Unsurprisingly, each vendor’s own benchmark shows it winning.
But the numbers are not directly comparable. Mem0’s 92.5 and Letta’s 74.0 are both LLM-as-judge scores, yet each vendor runs its own answer model, judge model, and judge prompt, on different question subsets (Letta drops the adversarial category and runs gpt-4o-mini), so the gap reflects the eval harness as much as the memory system. Continua AI’s “The LoCoMo Fair Fight“ showed a model swap alone (gpt-4o-mini to gpt-4.1-mini) moved scores about 10 points. LOCOMO’s conversations run only about 16k to 26k tokens, inside modern context windows, so scores do not transfer to long agentic tasks. Zep’s “Lies, Damn Lies & Statistics: Is Mem0 Really SOTA?” disputed Mem0’s SOTA claim, arguing that the benchmark was flawed and that Mem0’s comparison ran a misconfigured Zep implementation. Newer benchmarks built to replace it, LongMemEval, MemoryArena (arXiv 2602.16313), Locomo-Plus (arXiv 2602.10715), and Hindsight from Vectorize, signal the field has moved on, though none has consolidated into a standard yet.
What it comes down to
The benchmarks blur the comparison, but the design behind these four does not.
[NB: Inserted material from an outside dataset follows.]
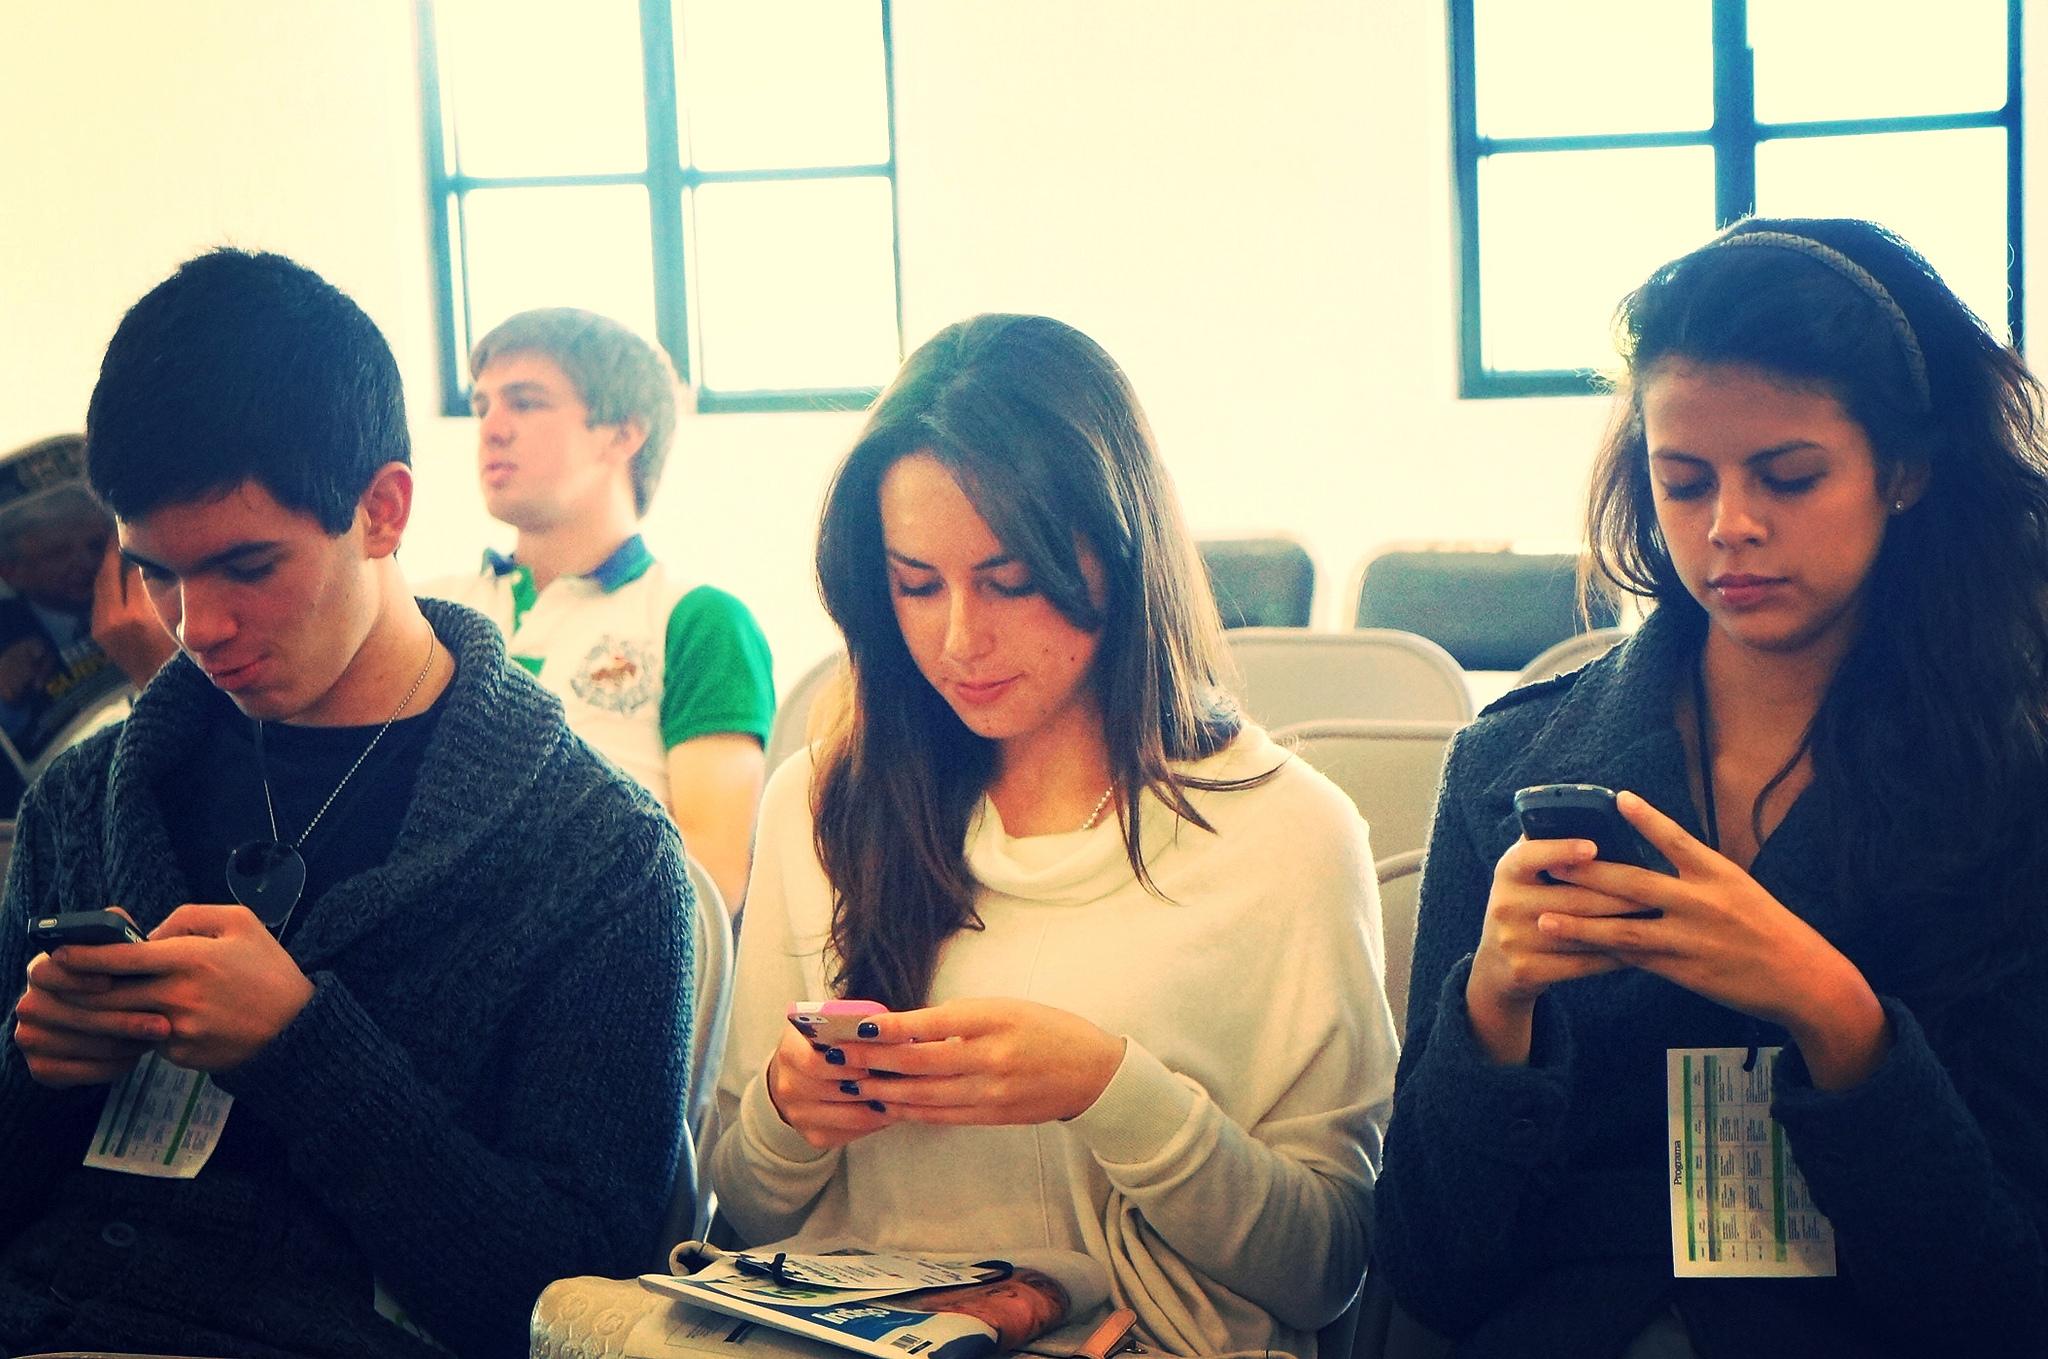 photo, millennials on smartphones

Step back from the numbers and the “how much graph” spectrum resolves into two separate questions it had been running together. Whether reads need to traverse, hopping fact to fact for “who owns the dog that had the checkup,” and whether writes need to keep history when a value changes.
The graph also charges up front. Ingestion burns LLM calls to extract and resolve nodes and edges, so the cost lands on write and pays back only on reads that traverse or look back. That asymmetry is what the four are really arguing about. Letta never built a graph, and Mem0 removed its own after its paper showed the variant lost on single- and multi-hop recall, ran 3x slower, and cost 2x the tokens. Graphiti and Cognee built around the workloads where traversal and history matter most.
One adjacent space is easy to confuse with these. Document-RAG systems like Microsoft GraphRAG and LightRAG also build knowledge graphs, but from static corpora in a single batch pass rather than from incremental agent interactions. GraphRAG is the batch-recompute foil to Graphiti’s live ingestion, and Cognee benchmarks against LightRAG on HotPotQA. They build the same data structure for a different problem.